Analysis Of Monomer Phenol Contents

After the treatments, the four cultivars showed different amounts of catechin, p-coumaric acid, gallic acid, protocatechuic acid, myricetin, quercetin, chlorogenic acid and ferulic acid. Some of these played a role in interactions between walnut fruits and pathogenic activity.

A significant decrease in gallic acid content was detected in ‘Xiangling’ and ‘Xiluo 2’ after the treatments. On the 8th dpi, the gallic acid content in ‘Xiangling’ began to decrease significantly, but still remained similar to the amount in control fruits. However, the gallic acid content in inoculated fruits of ‘Xiluo 2’ was always significantly lower than that of the control fruits, except that it neared the value of the gallic acid content in the control group on the. ‘Yuanfeng’ changed little throughout the period of observation. Surprisingly, the gallic acid content of the susceptible cultivar ‘Xifu 2’ increased slightly on the 8th day after inoculation. The results showed that gallic acid correlated weakly with disease resistance ( Figure S1).

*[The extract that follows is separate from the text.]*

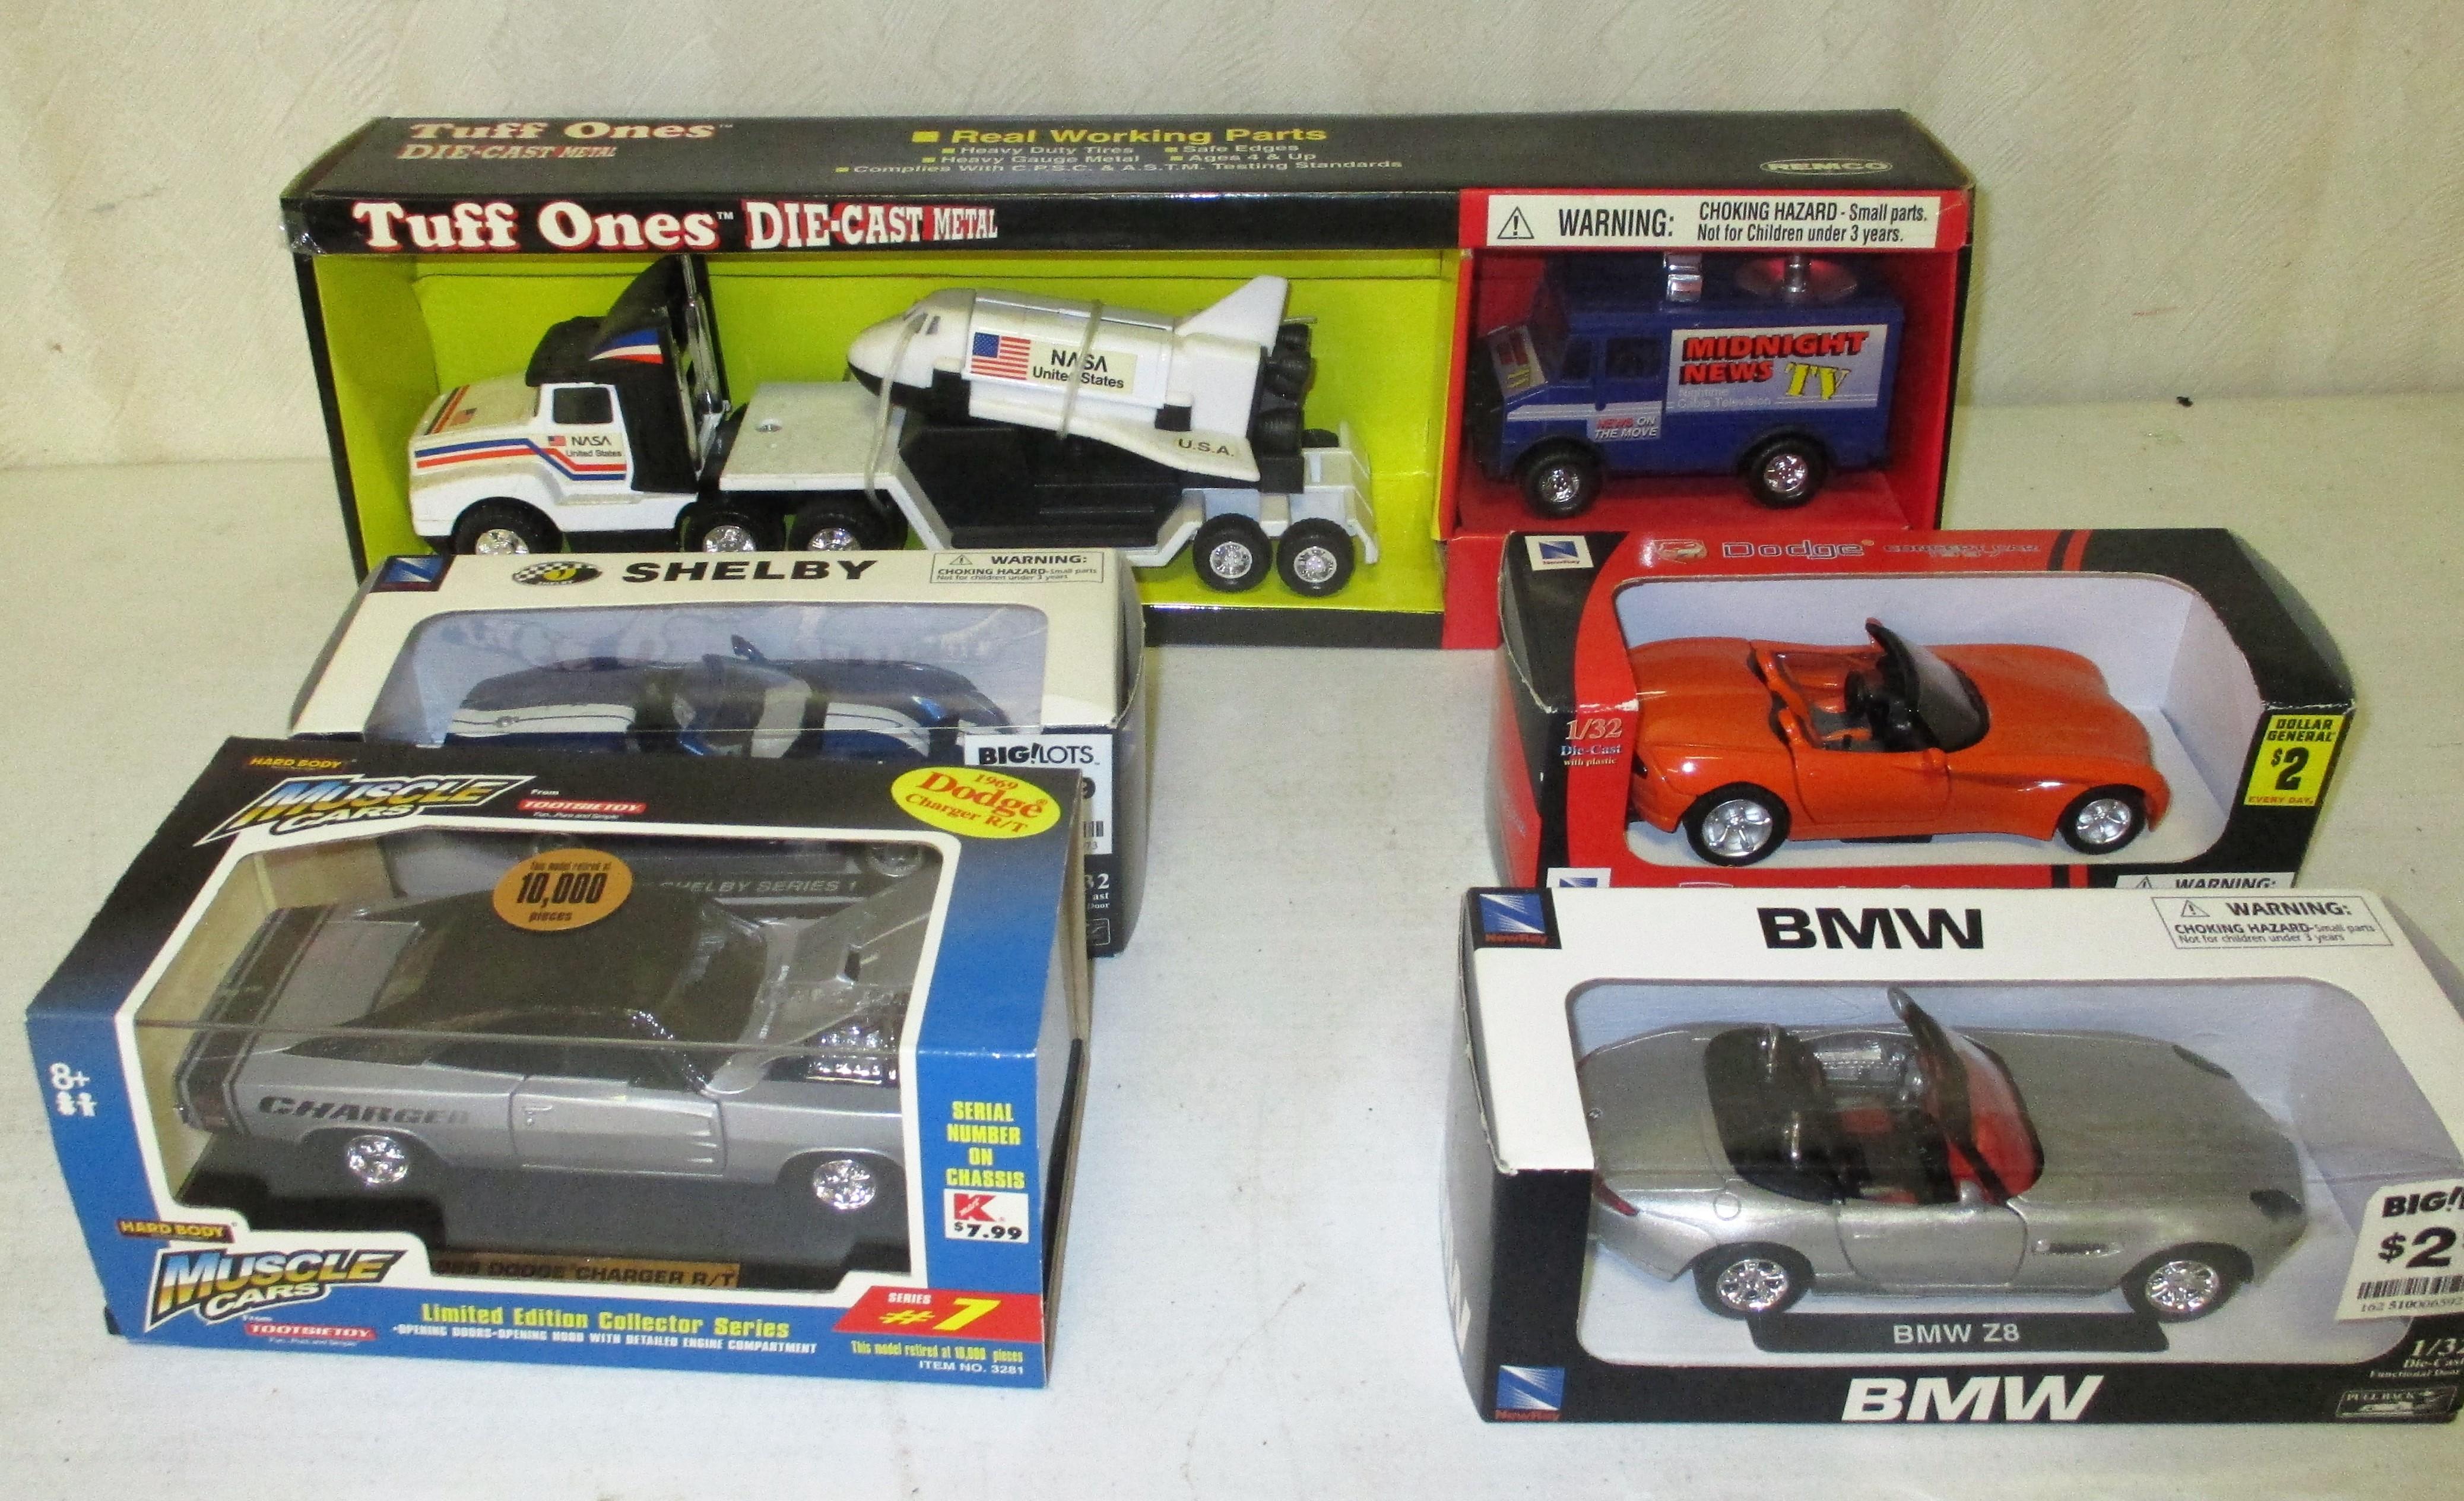 119: Toy Vehicle Lot

The change in catechin content was not observed in ‘Yuanfeng’ and ‘Xifu 2’. At 4 dpi, the catechin contents in ‘Xiangling’ and ‘Xiluo 2’ increased by 140% and 7.4-fold, respectively, and then decreased to their initial level. Inoculated fruits of ‘Xiangling’ had no obvious difference compared to the control fruits. However, inoculated fruits of ‘Xiluo 2’ showed that catechin contents were significantly lower than that of the control fruits (Figure S2). Furthermore, the amount of chlorogenic acid decreased rapidly in the inoculated ‘Xifu 2’ cultivar on the 4th dpi, but remained very close to the control samples. The other three cultivars showed no changes in this regard throughout the experiment. This observation suggested a weak interaction between chlorogenic acid and the pathogen (Figure S3). The amount of p-coumarin in ‘Xiangling’ increased in the later stage of inoculation, and was significantly higher than that of the control. Similarly, at 16 dpi, its content in the inoculated ‘Yuanfeng’ was significantly higher than that of the control and, on the 4th day, the amount of p-coumarin decreased significantly, so that its difference with the control was negligible. In ‘Xiluo 2’, however, no changes occurred in this respect as a result of inoculation (Figure S4).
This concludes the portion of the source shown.